Restores $302.4 million funding cut in the 2020 Budget Act, starting in fiscal year 2021-22. This was a part of the legislative early action agreement announced in February.
UCLA Labor Center: The May Revision proposes $15 million in one-time General Fund money to renovate the UCLA Labor Center facility.
UC Office of the President: The May Revision proposes to eliminate the UCOP budget line item and consolidate the separate funding items for the UC Office of the President and UC campuses into one item. The May Revision also enables the UC Office of the President to return to a campus assessment model.
UC Campus Facilities: $150 million in one-time federal American Rescue Plan Act of 2021 funds to address deferred maintenance and energy efficiency projects at UC campuses. This funding is provided in addition to $175 million one-time General Fund money provided in the Governor’s Budget for UC deferred maintenance and energy efficiency projects.
Animal Shelters: $45 million in one-time General Fund money for the UC Davis Koret Animal Shelter Medicine Program to develop a grant program for animal shelters. This augmentation would enable the center to provide expertise, support, and local assistance over a five-year period to help communities achieve the state’s policy goal that no adoptable or treatable dog or cat should be euthanized.
UC San Francisco Dyslexia Center: The May Revision proposes $10.2 million in one-time General Fund money to enhance the center’s app, support collaboration with teacher training programs, and support dyslexia research that could inform practices.
UCLA Asian American Studies Center: The May Revision proposes an increase of $5 million in one-time General Fund money to support analysis and research associated with the prevention of hate incidents experienced by Asian Pacific Islander communities and to provide grants to community-based organizations focused on preventing hate incidents experienced by Asian Pacific Islander communities.
UC Berkeley Alternative Meats Lab: The May Revision proposes $1 million in one-time General Fund money to support the UC Berkeley Alternative Meats Lab.

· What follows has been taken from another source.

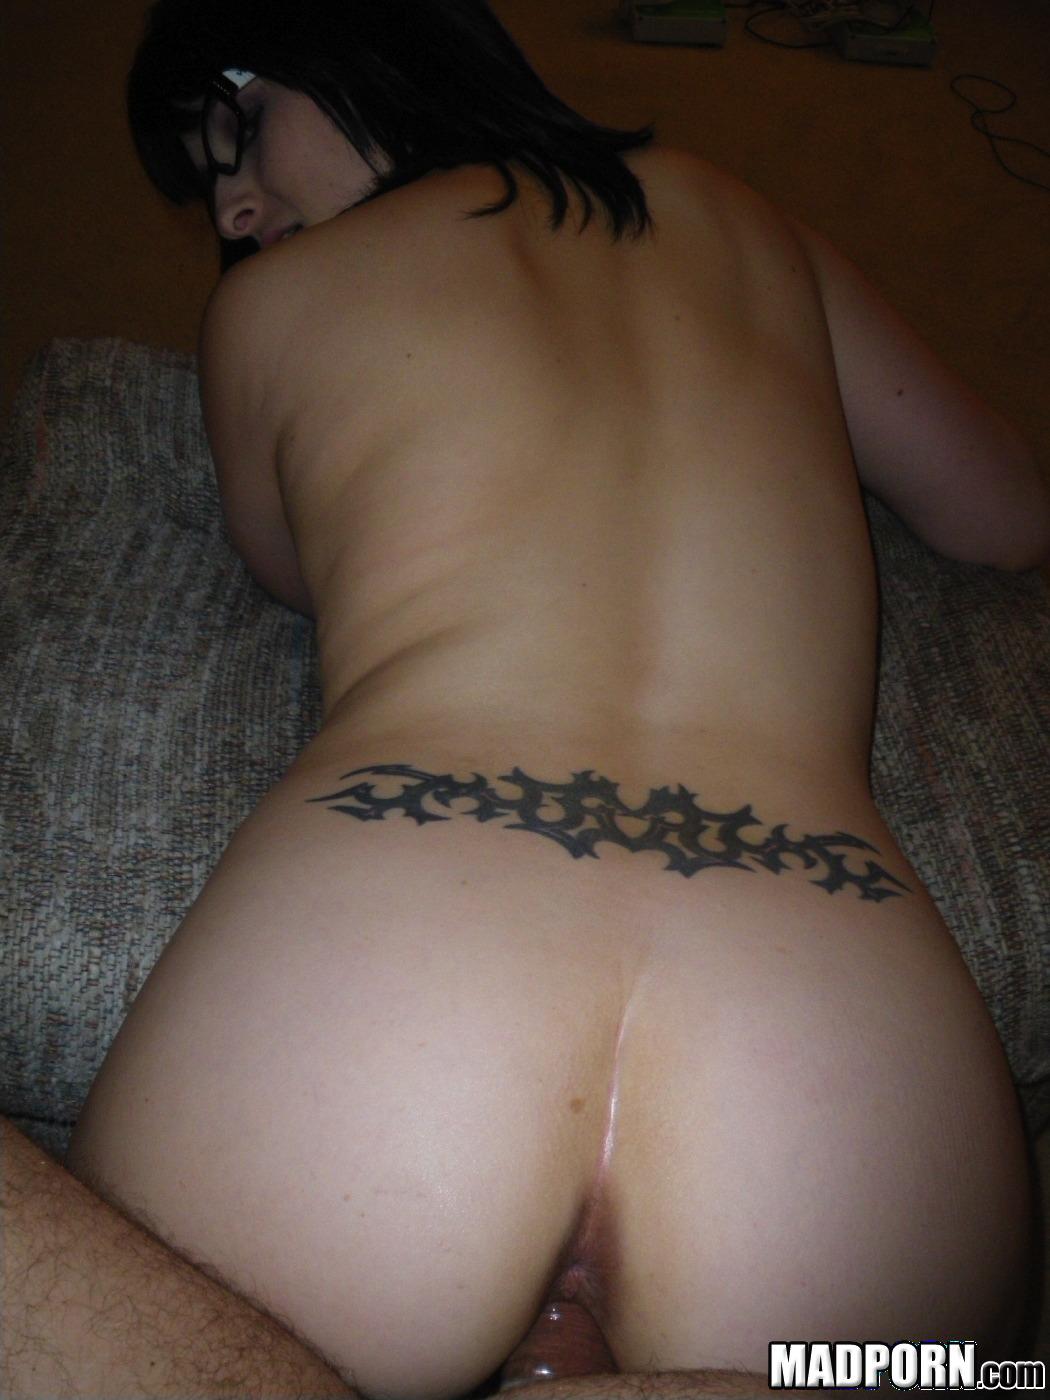 Wild homemade porn

Employer Contribution Rates
The January proposal included $330 million and $820 million, respectively, to reduce CalPERS and CalSTRS employer contribution rates. No additional funding is included in the May proposal to further reduce these rates.

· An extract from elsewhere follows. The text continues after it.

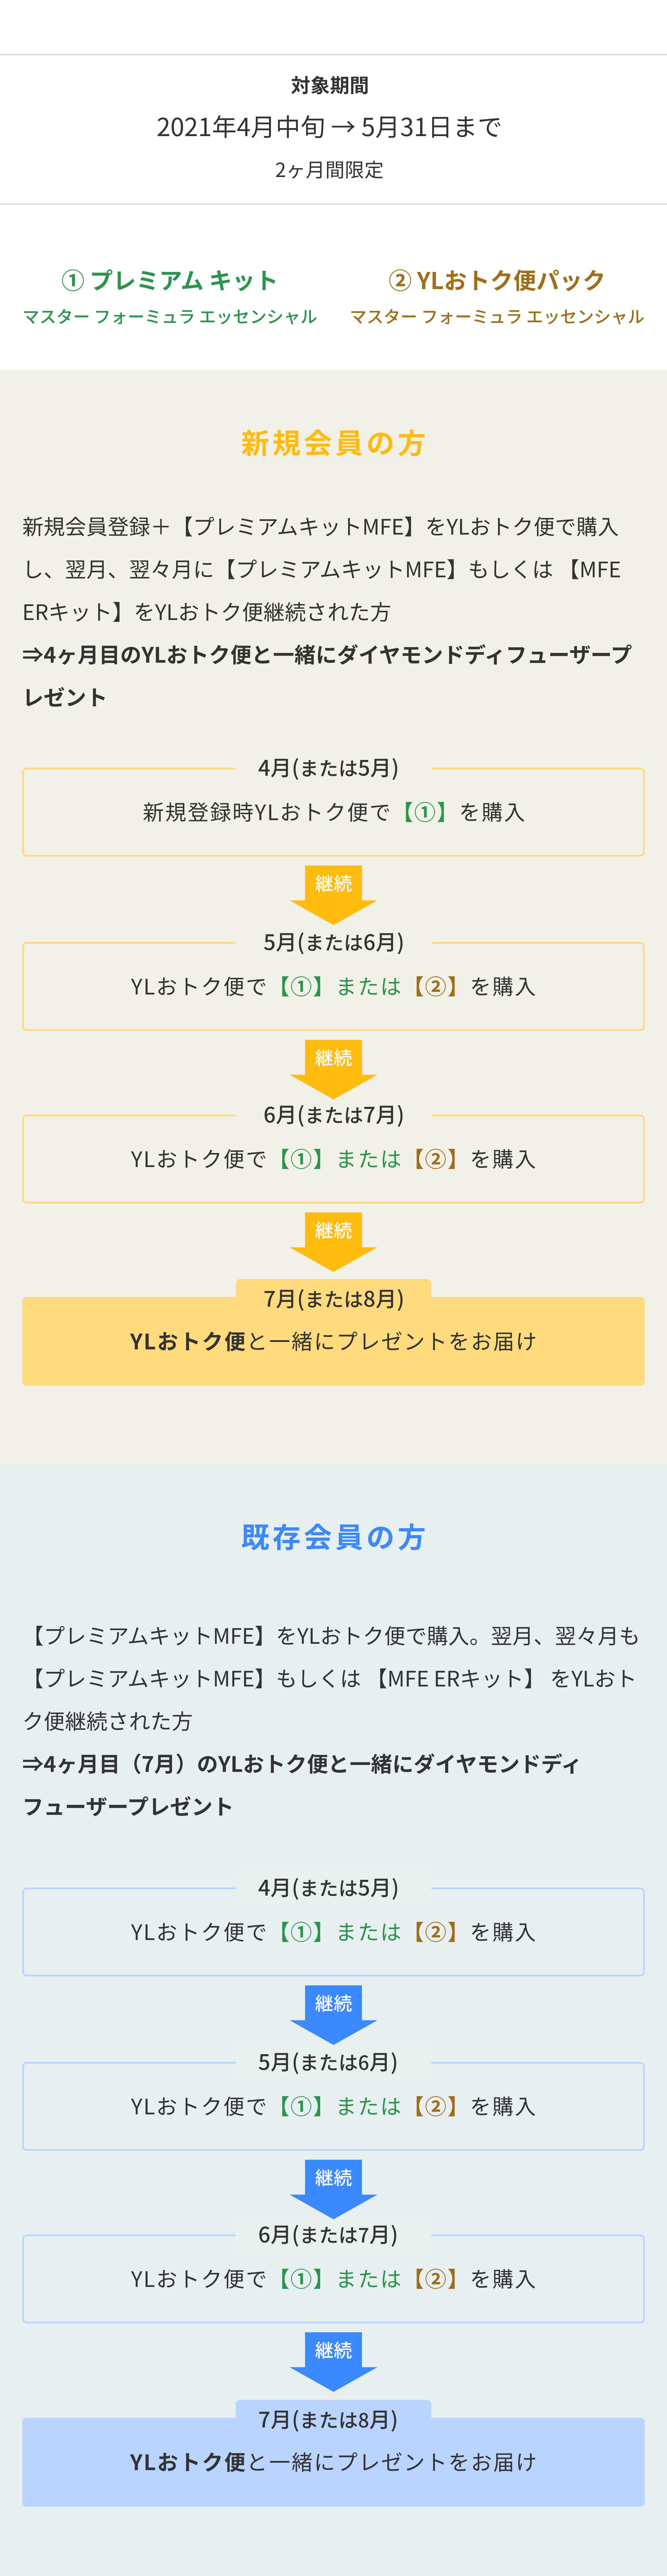 対象期間 2021年4月中旬 → 5月31日まで

- CalPERS employer rates would be reduced from 24.9% to 23%.
- CalSTRS employer contribution rates would be reduced from 18.1% to 15.92%.

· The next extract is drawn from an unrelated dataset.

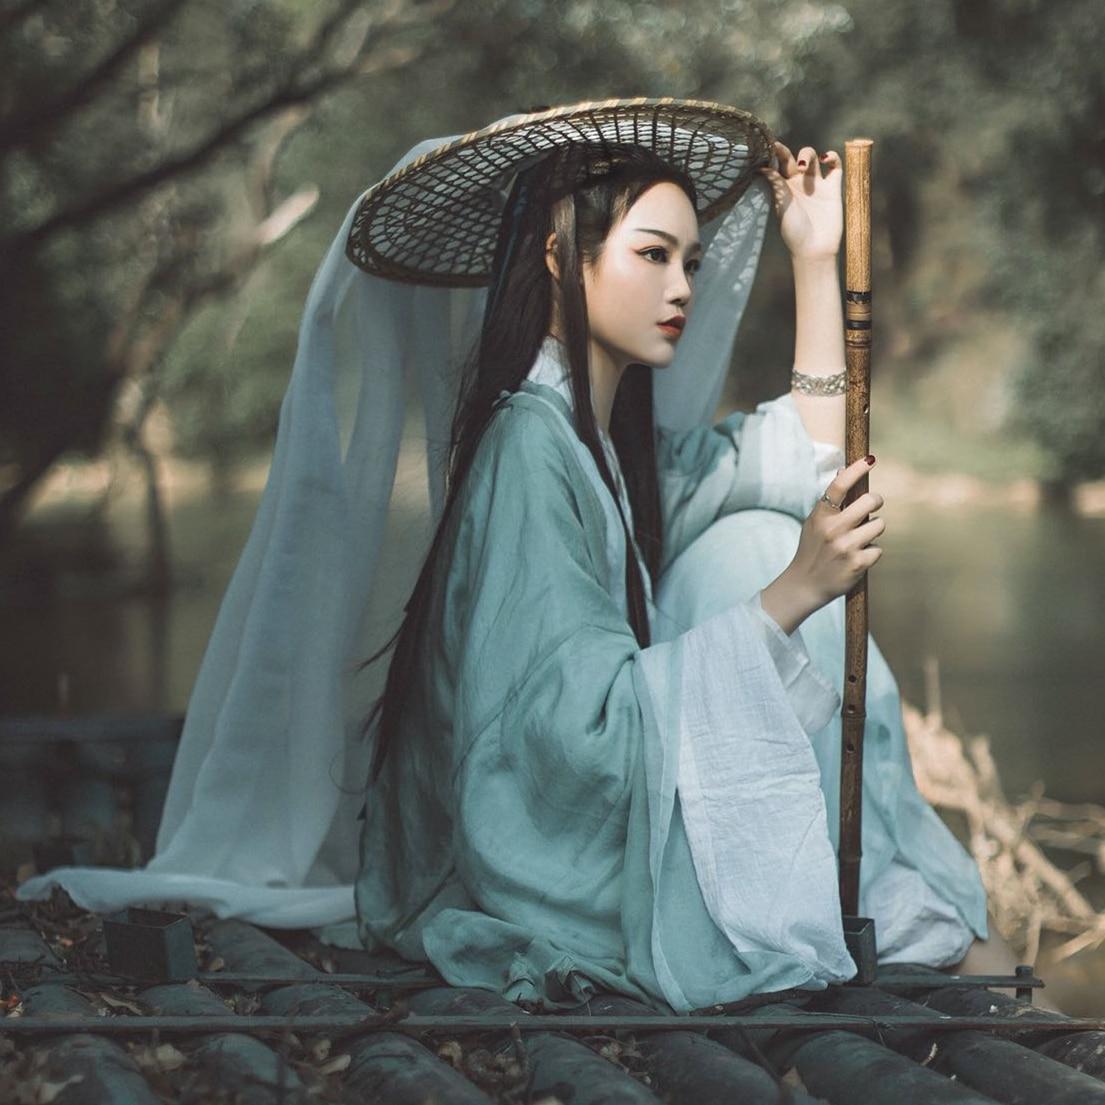 Tang hanedanı antik Hanfu elbise kadın kılıç ustası ulusal kostüm peri kıyafet geleneksel çin prenses sahne giyim

- The May Revision increases state contributions to CalPERS state plans by a net total of $550 million relative to the January budget. The governor’s January budget included $5.5 billion in one-time funding.
- The governor’s January budget included $1.5 billion in one-time Proposition 2 debt repayment funding in 2021-22 to further reduce the unfunded liabilities of the CalPERS state plans. Due to an increase in the estimated availability of Proposition 2 debt repayment funding, the May Revision increases this proposed payment to $1.9 billion.
The May Revision increases state contributions to CalSTRS by $4.9 million, relative to the governor’s January budget. The governor’s January budget included $3.9 billion in one-time funds for required contributions. This contribution amount includes a one-time $174 million in payment to offset the reduction in the state’s contribution in 2020-21 to allow the funding plan to stay on track to be fully funded by 2046.
The May Revision maintains the governor’s budget proposal to include a one-time $410 million in Proposition 2 supplemental pension payment to be paid to CalSTRS in 2021-22 toward the state’s share of the CalSTRS Defined Benefit Program’s unfunded liability. This payment is estimated to result in $1.1 billion gross savings to the state through 2045-46.